Investigations of police who arrested Marko Djurich crash MPB deputy ministers

On March 26th, the chief of the Office for Kosovo in Serbia's Government, Marko Djuric, had entered Kosovo without permission, what the country's institutions immediately reacted to by arresting him. Dozens of Kosovo Police took part in the action, but it was the Special Intervention Unit that seized Djuric during the rally he was holding with [...]
On March 26th, the chief of the Office for Kosovo in Serbia's Government, Marko Djuric, had entered Kosovo without permission, what the country's institutions immediately reacted to by arresting him.

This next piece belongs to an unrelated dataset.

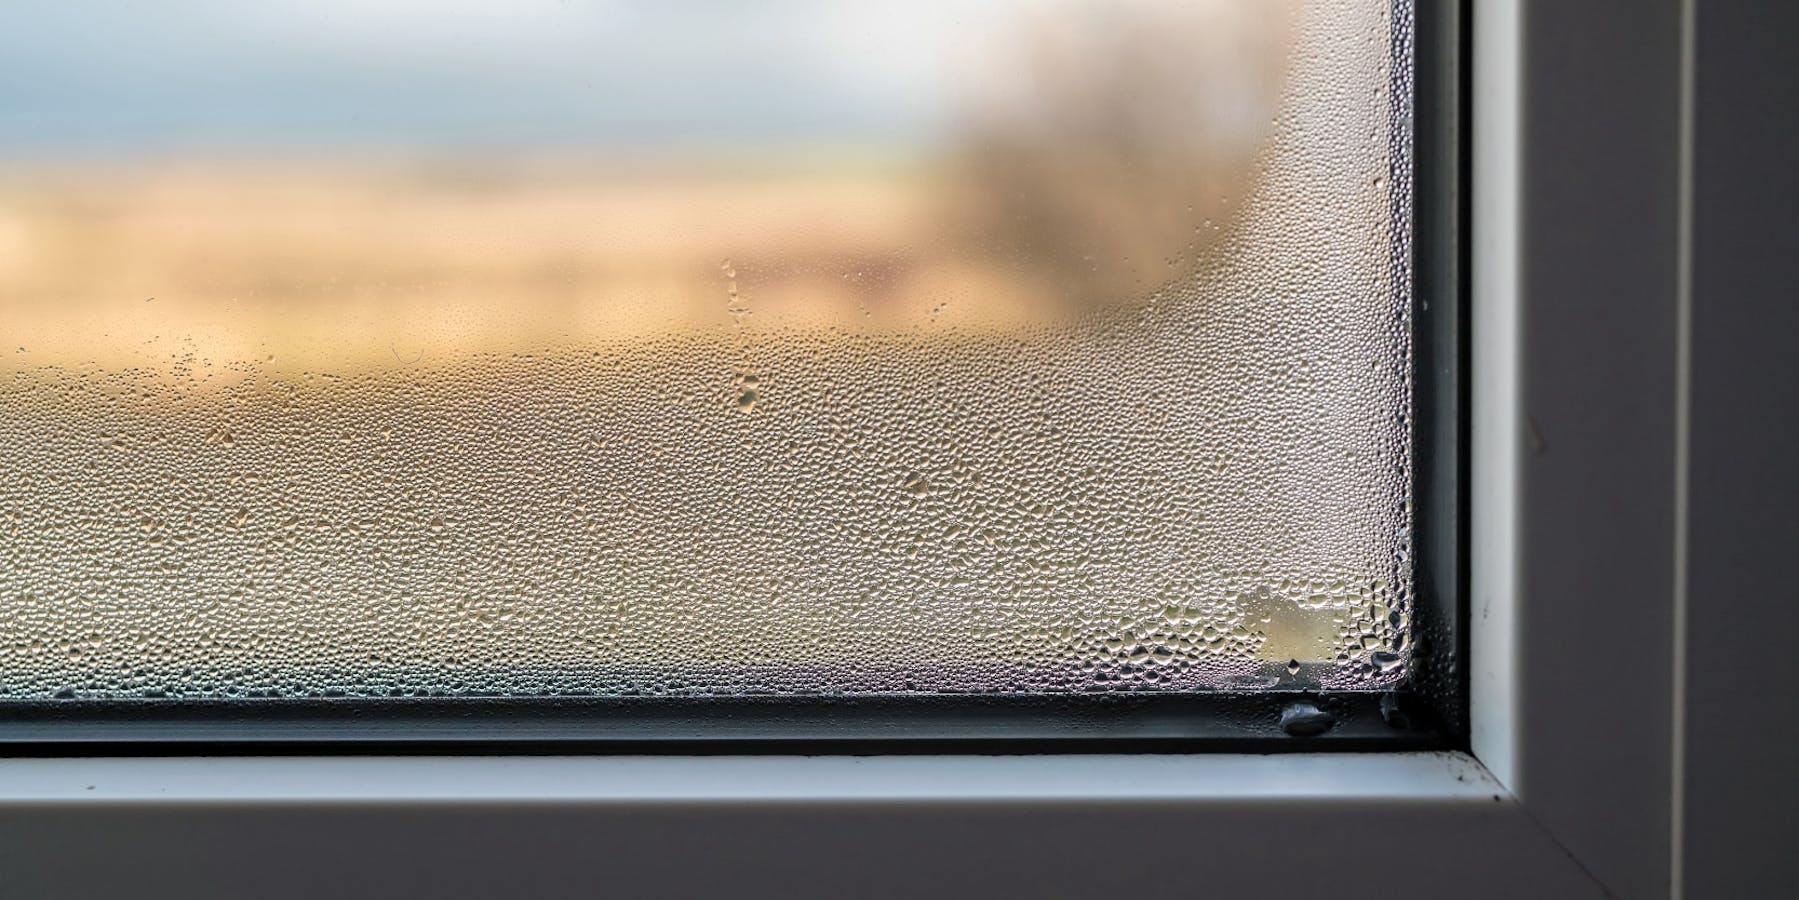 Kondensat am Fenster – Was können Sie tun?

Dozens of Kosovo Police members participated in the action, but it was the Special Intervention Unit that seized Djuric during the rally he was holding with northern Serbs, writes Indexline.
The conduct of Kosovo police officers had complained of Deputy Interior Minister Milan Radojevic, under whom officials used force during the arrest.
Following Radojevic's complaint, Kosovo Police Inspectorate, the Department of Investigations has, respectively, started collecting information today about allegations of eventual violations by police officials.
“About the case of the arrest of Marko Djuric, the IPK has, respectively, begun with the collection and gathering of information about allegations of eventual violations by Kosovo Police officials. Regarding this police operation, The IPK has received a complaint from deputy. Minister of Internal Affairs. Milan Radojevic, about some suspicions of overuse of force by police officials”, says the IPK communiqué.
Thoughts unlike Radojevic has another deputy minister of Internal Affairs, Izmi Zeka. He, in a pronouncement for Indexline, has said Kosovo Police that day have conducted a professional and reform action on Kosovo laws.
Kosovo's “Police in the Djuriqi case have done the work professionally, and not only do we say it as the Minister of Internal Affairs, but NATO and international mechanisms have proved it. After the Serbian community's deputy minister's complaint, the police inspectorate is in some form obliged not only to deputy minister, but also when any citizen complains, to lead as a procedure and complete it (the investigation)”, Zeka has said.
That assessment for the police, Zeka said, is not individual, but that is how the entire Ministry of Internal Affairs of Kosovo thinks.
“I don't want to interfere in the matter of the Inspectorate, because it's a body that has an independence, but we still believe the police have been correct and carried out a action that has been the decision of Kosovo Police and Institutes Director Marko Djuric to return from where he came from because he entered the Republic of Kosovo with no permission, Zeka stressed.